A wider prediction market surge

The intense activity surrounding the global soccer tournament is driving broader institutional adoption and user acquisition across the prediction market sector.

Wall Street brokerage firm Bernstein projects that World Cup-related trading could ultimately surpass $10 billion in total wagers before the tournament concludes on July 19.

This sporting catalyst is also having a measurable spillover effect on non-sporting contracts.

Last week, venture capital firm Andreessen Horowitz published data indicating that non-sports trading volume, encompassing geopolitical events, macroeconomic data releases, and elections, reached $3.6 billion across Kalshi and Polymarket combined.

Prediction Market Volume
Prediction Market Volume (Source: a16z)

According to the firm, this non-sports volume alone is now larger than the total aggregate volume of all prediction markets recorded just one year ago. In July 2025, weekly non-sports volume hovered near the $200 million mark, representing an 18-fold increase over the past 12 months.

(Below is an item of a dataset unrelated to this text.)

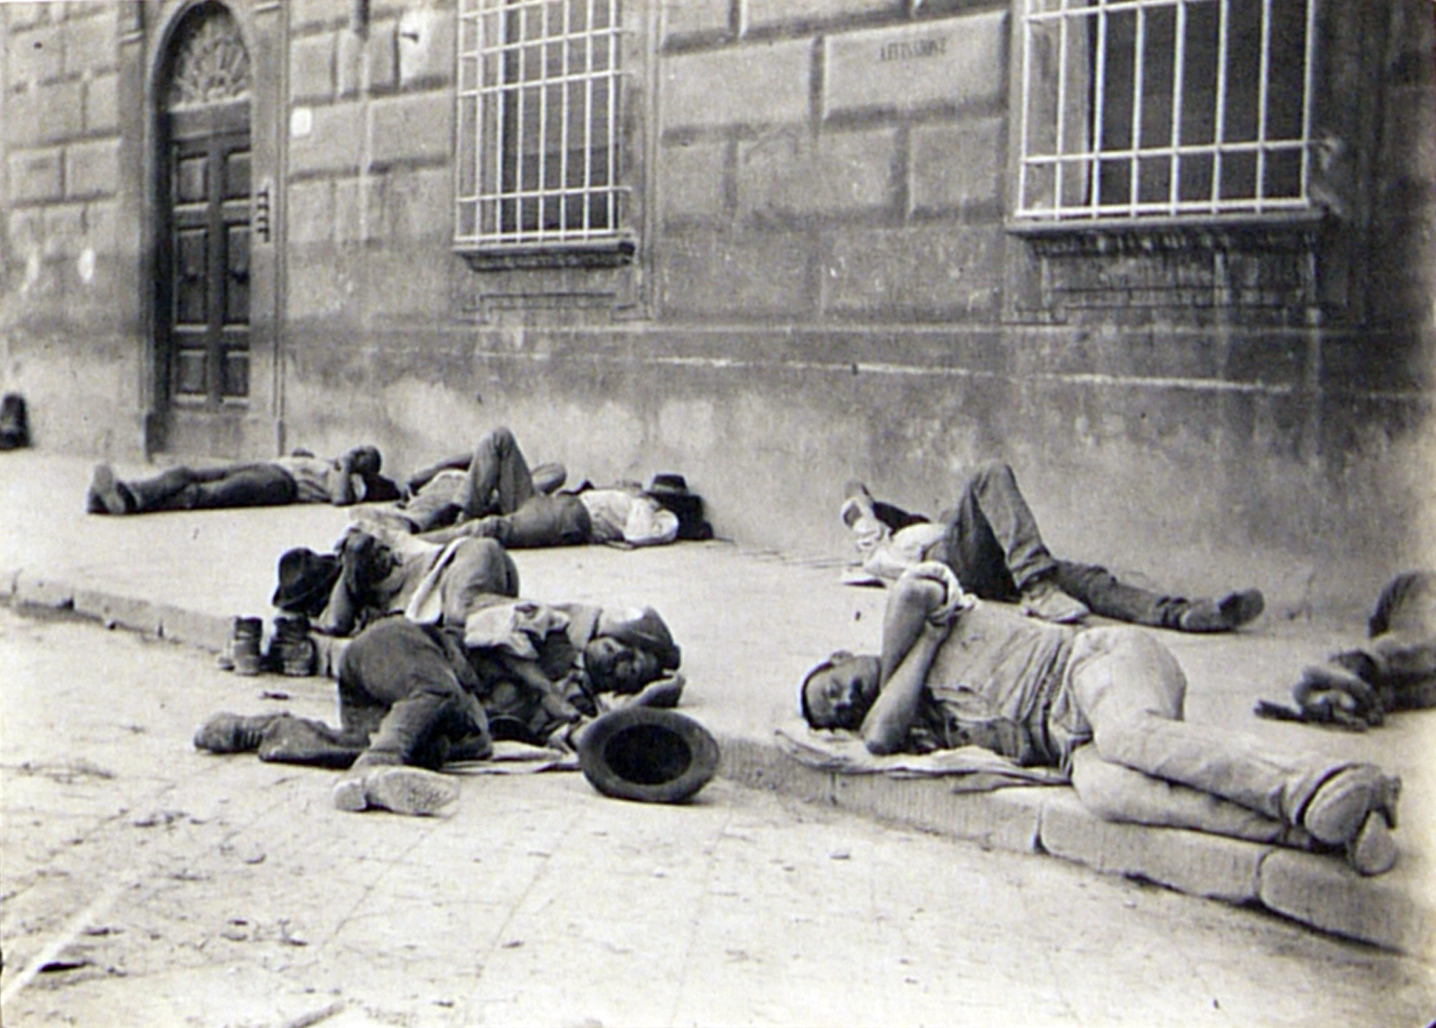 Men asleep in the Piazza S. Marco, Florence. 1892 (Album 2/35/6)

Overall, the venture capital group noted that weekly trading volumes across the prediction market ecosystem reached an unprecedented $14.5 billion last week, with outstanding open interest at a record $1.6 billion for the third consecutive week.

Oversight questions grow louder

The commercial success of the World Cup markets arrives alongside renewed legal scrutiny for the sector.

The Commodity Futures Trading Commission (CFTC) has reportedly opened an investigation into Polymarket.

The probe, first reported by The Wall Street Journal, comes as consumer protection advocates and some states push for closer oversight of prediction-market platforms. Polymarket and Kalshi have grown rapidly as users bet on everything from sports and elections to crypto prices and financial-market outcomes.

For Polymarket, the investigation adds uncertainty after the platform resumed limited US operations last year. The company had previously been barred from serving US customers following a 2022 enforcement action.

The timing is notable because it comes as prediction markets are posting record volumes, just as regulators are taking a closer look at how the sector operates, how consumers are protected, and where the line should be drawn between regulated event contracts and gambling.